The Foolishness of the Cross

“For the word of the cross, to them indeed that perish, is foolishness; but to them that are saved, that is, to us, it is the power of God.” I Corinthians 1:18

Based on St Paul’s text, Geoffrey Babion, a twelfth-century theologian, explained how God chose a seemingly foolish way to redeem sinful human beings.  Only the faithful could see something so outwardly shameful as a man dying in a horrific manner on a cross  as the power of God.  Geoffrey, then, gave a lengthy explanation of humanity’s fall and Christ’s redemption:

“When he was similar to God, the man had honor.  He did not understand, when he sinned.  Therefore, he was made similar to a beast of burden, when by sinning he became irrational.  Two creatures had sinned, namely, the devil and the man. But one [sinned] by himself, and the other [sinned] through another.  Therefore, since the devil [sinned] by himself, he did not deserve to be restored, particularly since he consists of such a subtle and spiritual essence.  The man, since he was made from dirt, since he was deceived by such a cunning tempter, did not lose the hope of forgiveness.  Therefore, although God and man were such opposites, neither the hope of forgiveness or redemption by such a just judge should be denied.  Divine providence looked for the most equitable manner of reconciliation.  For reason demanded that whoever wants to join two contrary things together, places such a thing between them that has a connection with both things.” Geoffrey Babion [Falsely attributed to Hildebert], In festo exaltationis sanctae crucis, PL 171: 683C-D [My translation]

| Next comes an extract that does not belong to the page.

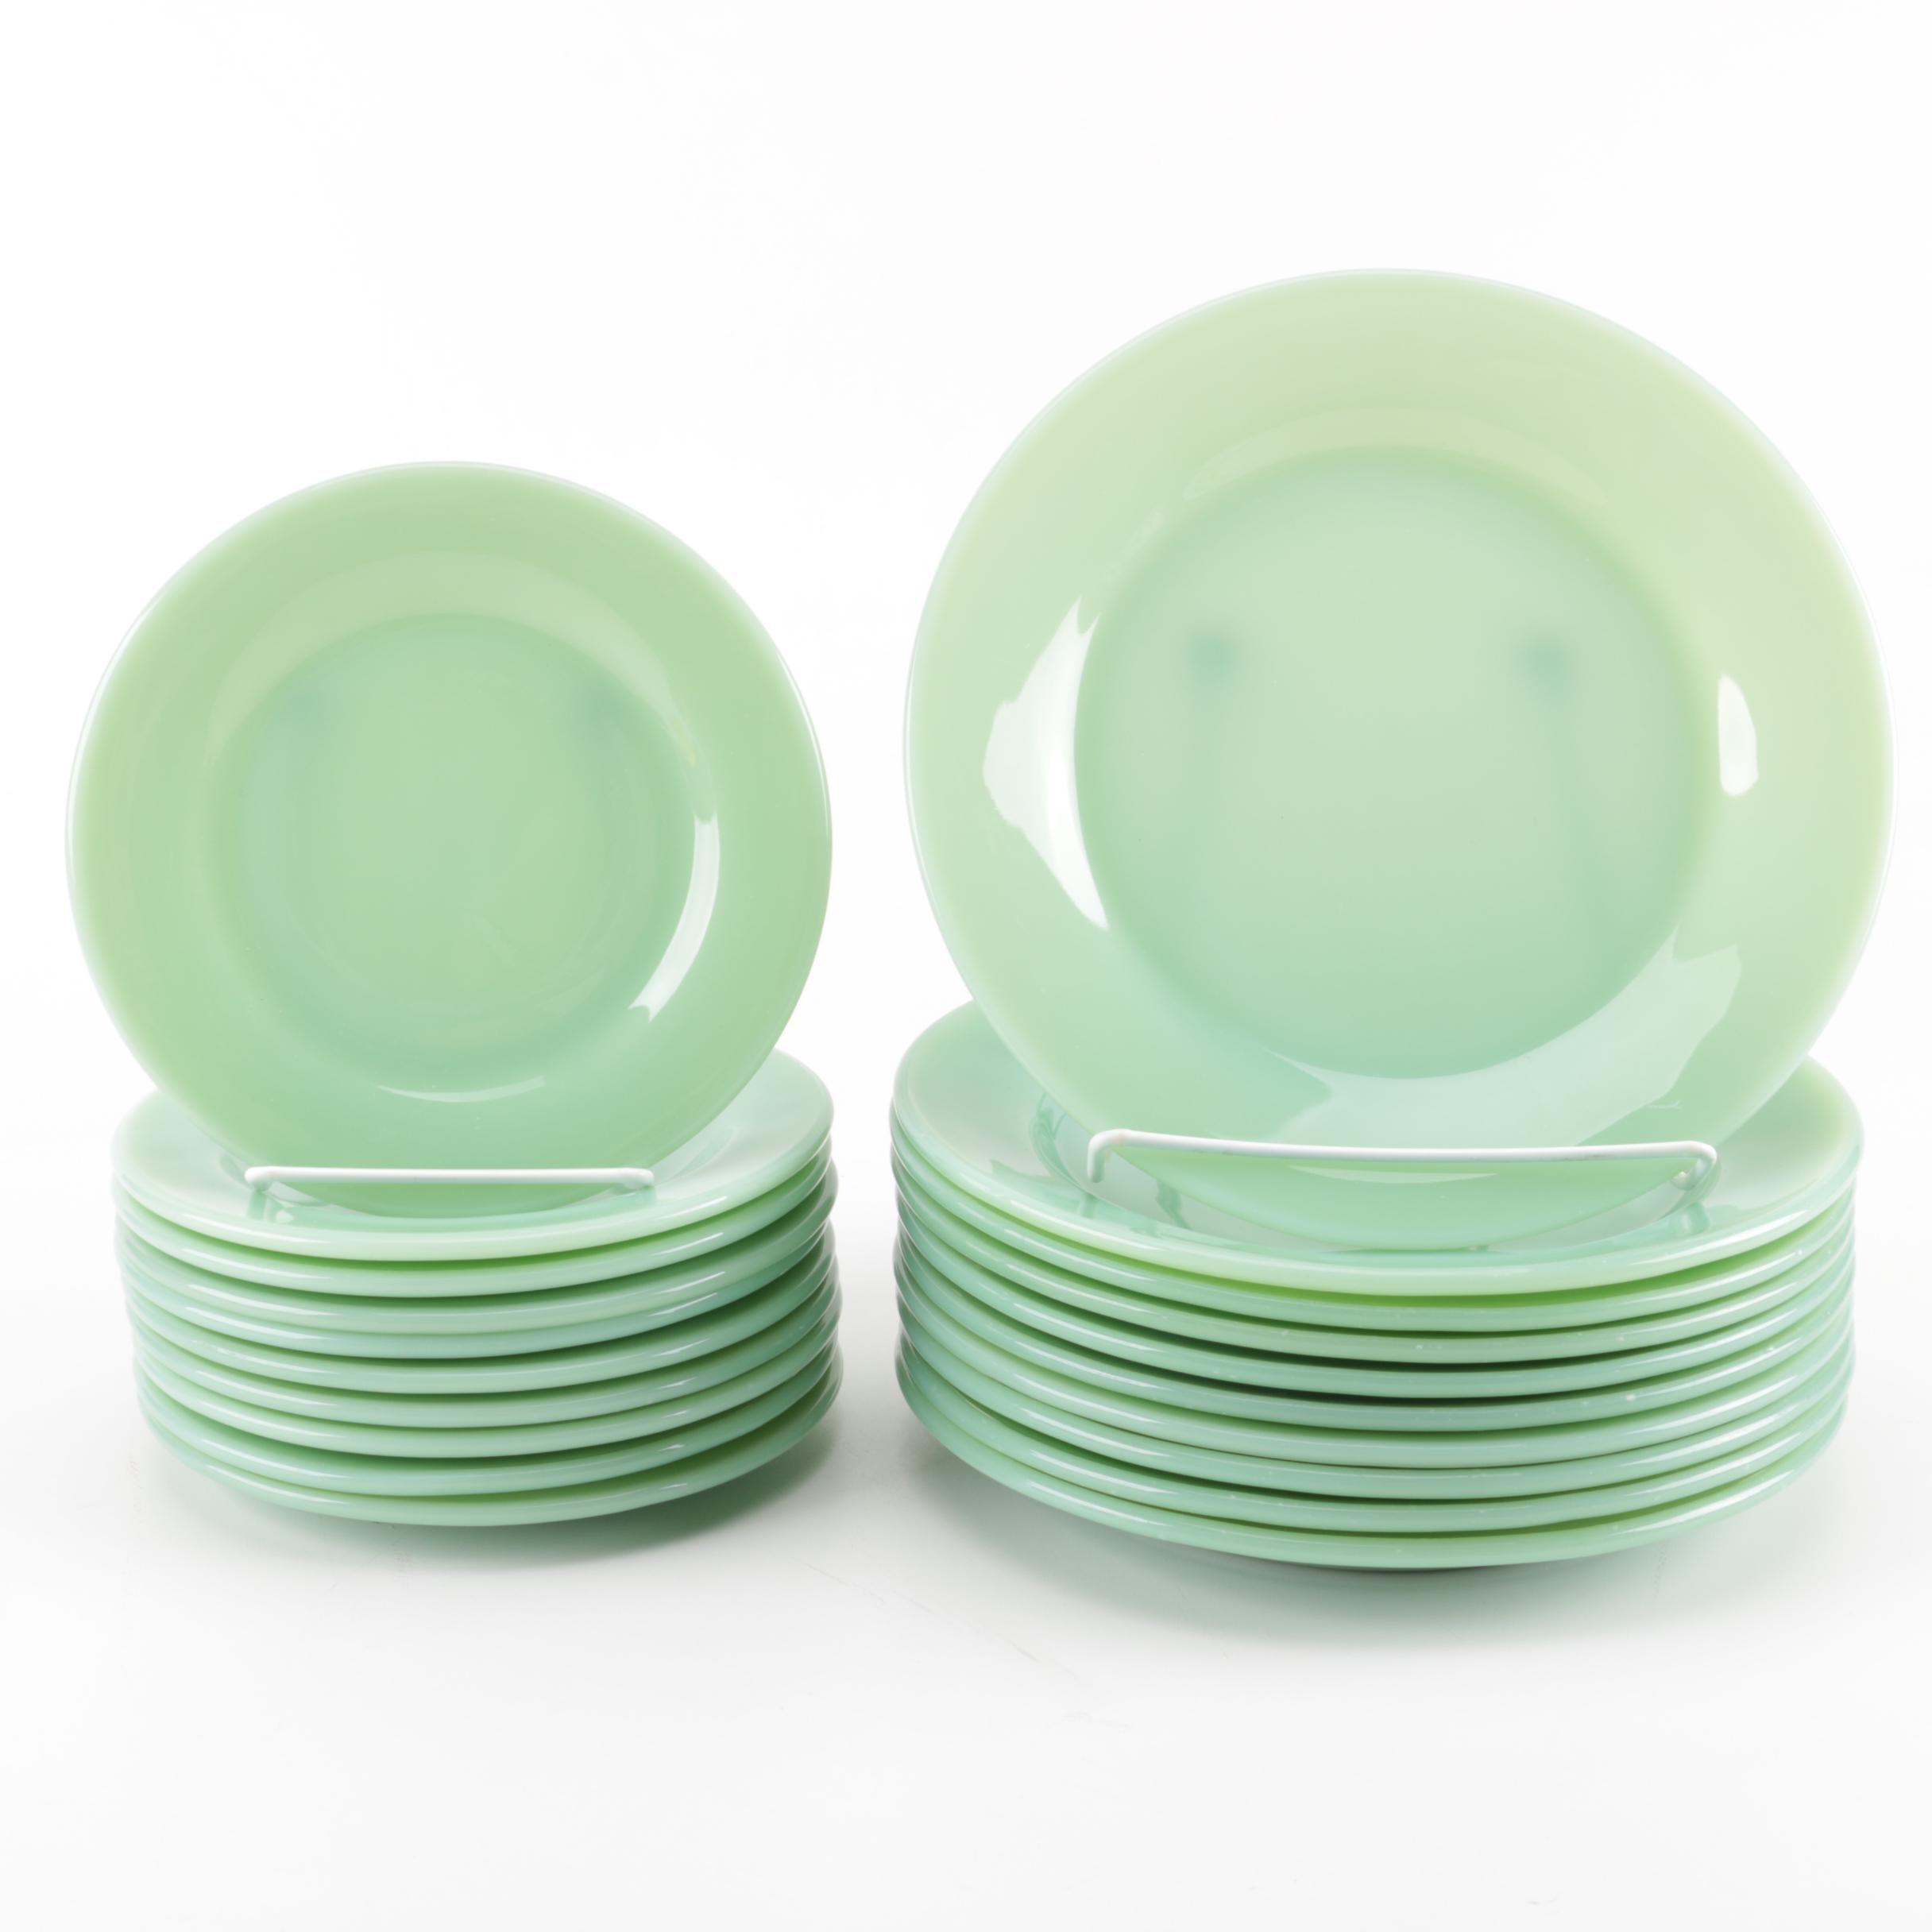 Fire-King Jadeite Dinner and Salad Plates ...  sc 1 st  EBTH.com & Fire-King Jadeite Dinner and Salad Plates : EBTH

Geoffrey demonstrates a great familiarity with the teachings regarding the fall of humanity and redemption in the twelfth-century schools here.  His explanation in this sermon reflects Anselm of Canterbury’s basic doctrine of reconciliation of sinful human beings with a just God in his famous dialogue, Why God Became Man.  Notice how Geoffrey continued in the next section:

“Moreover, when such from one part was God, the ignoble man was so much from the other part, so that they had to be reconciled, and through such a mediator, who was God and a human being.  If He had wanted to redeem angels, He would have taken on the angelic nature, but since He determined that only human beings were worthy for redemption, He took on human nature, a subservient person in a reasonable manner.” Ibid., 683C-684A.